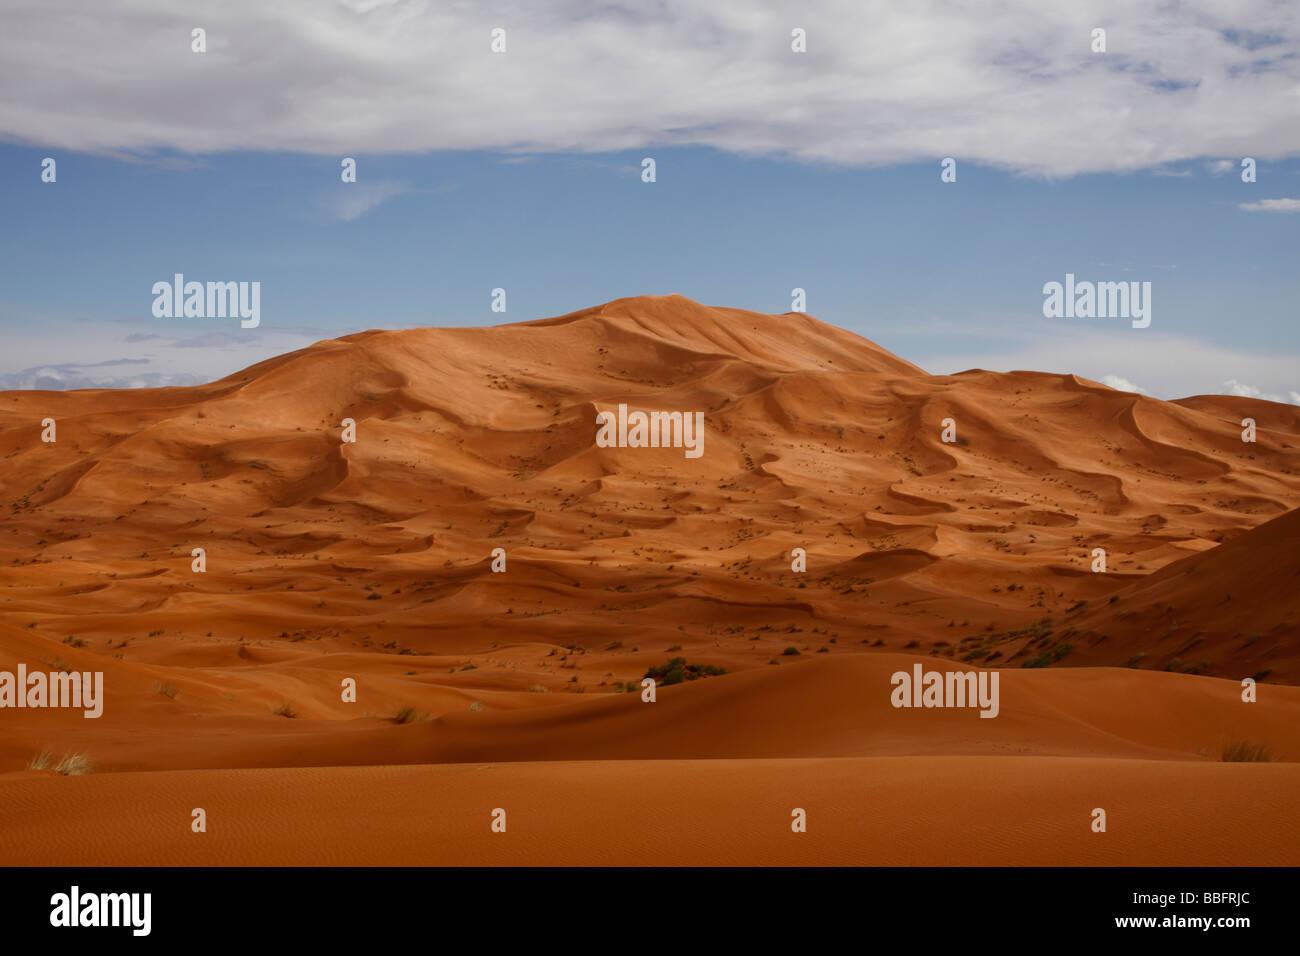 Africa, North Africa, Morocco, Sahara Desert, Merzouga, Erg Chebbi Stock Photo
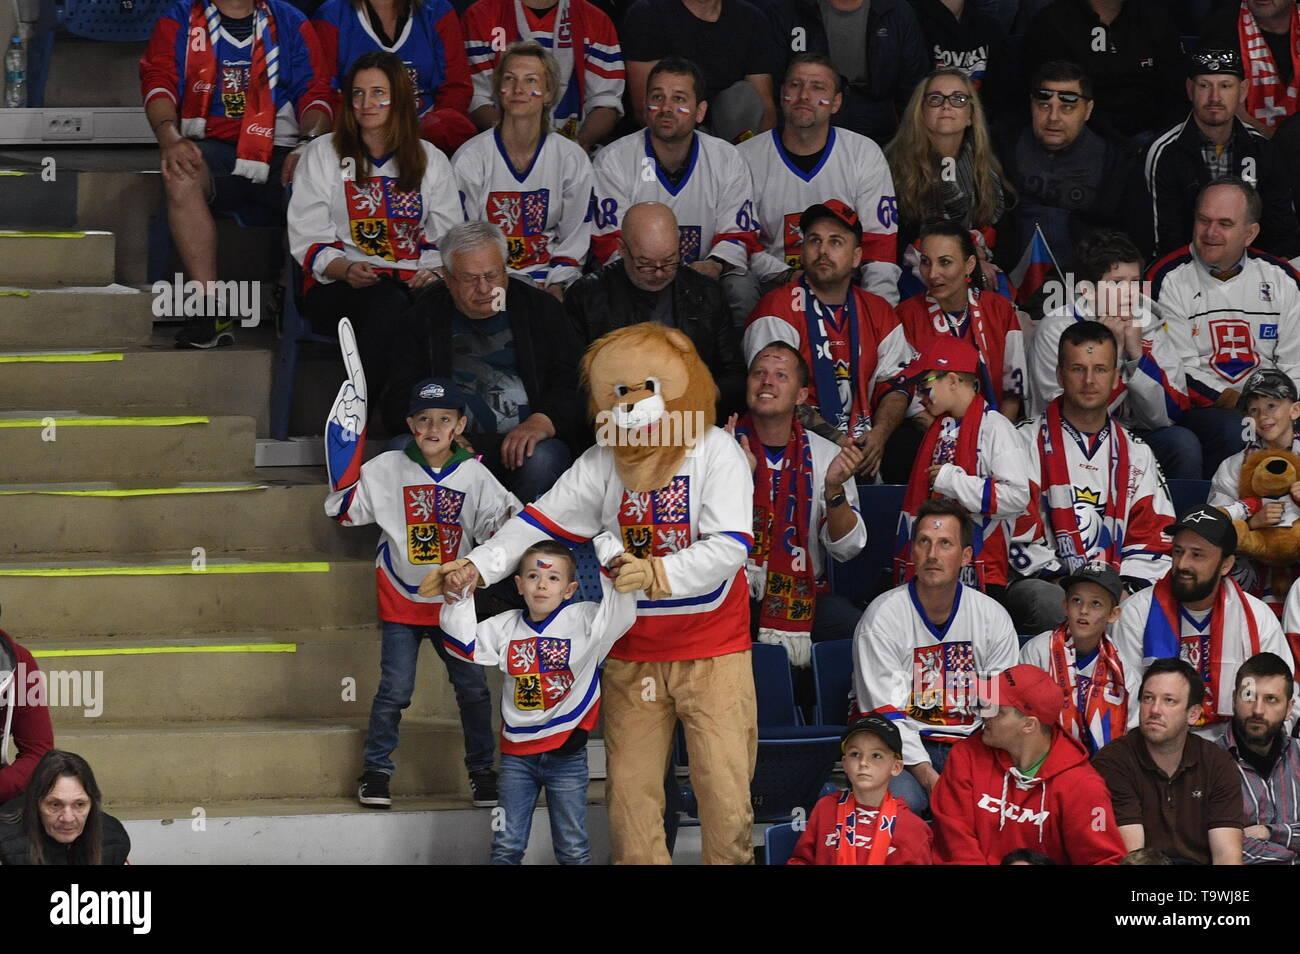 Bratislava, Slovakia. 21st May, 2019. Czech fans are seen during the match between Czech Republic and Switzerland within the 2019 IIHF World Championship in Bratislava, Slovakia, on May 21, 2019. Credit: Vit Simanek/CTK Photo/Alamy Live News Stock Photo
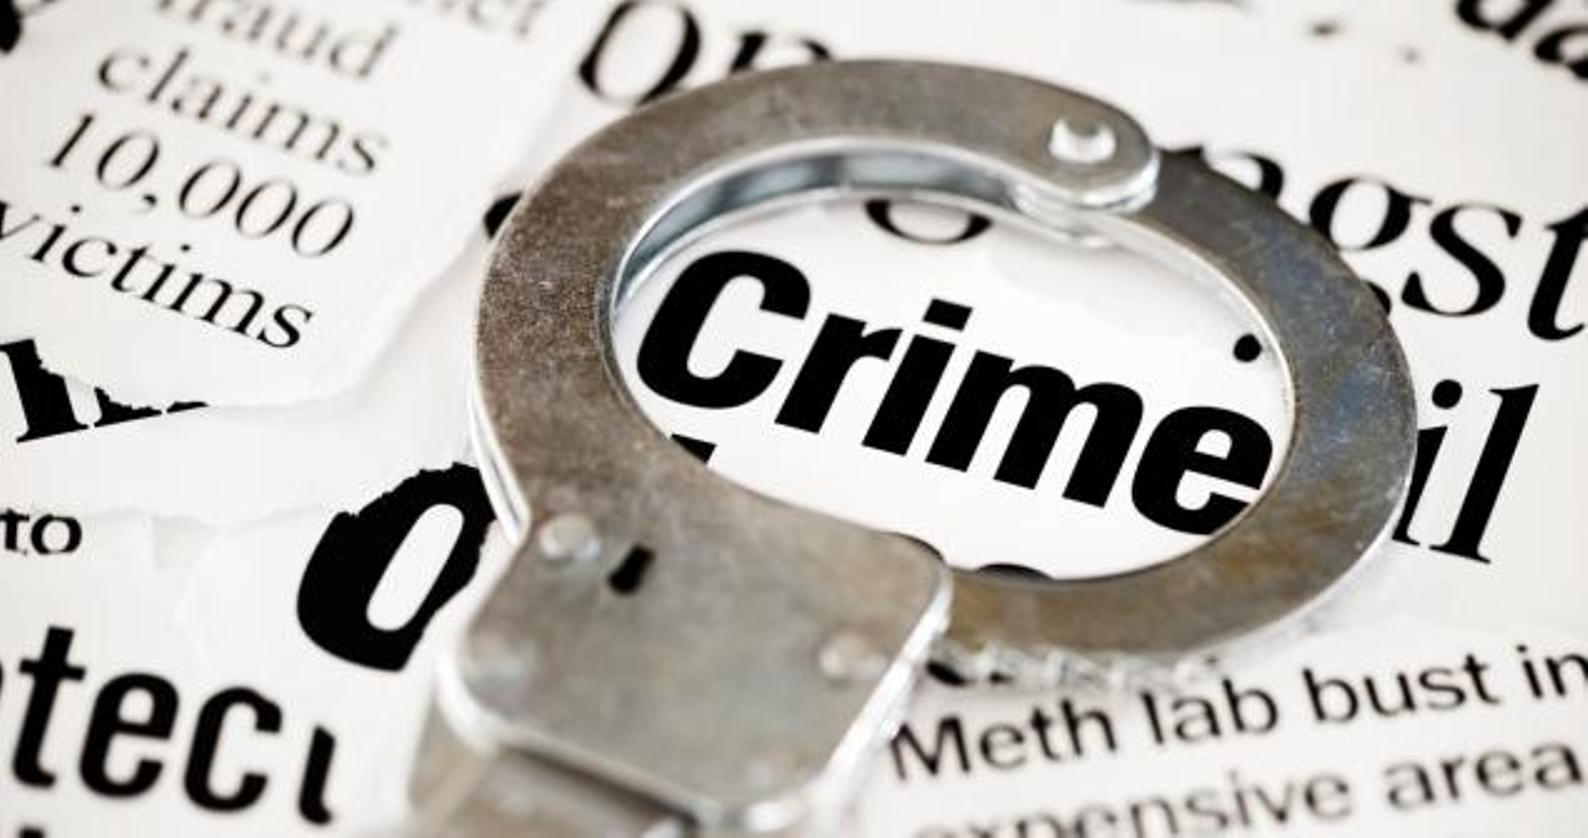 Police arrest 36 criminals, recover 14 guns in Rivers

■ Required work
Starting at the line that contains "Bratislava, Slovakia. 21st", extract each line through the last line of the material exactly as written, and include no pictures.

■ Your solution
 Bratislava, Slovakia. 21st May, 2019. Czech fans are seen during the match between Czech Republic and Switzerland within the 2019 IIHF World Championship in Bratislava, Slovakia, on May 21, 2019. Credit: Vit Simanek/CTK Photo/Alamy Live News Stock Photo
 Police arrest 36 criminals, recover 14 guns in Rivers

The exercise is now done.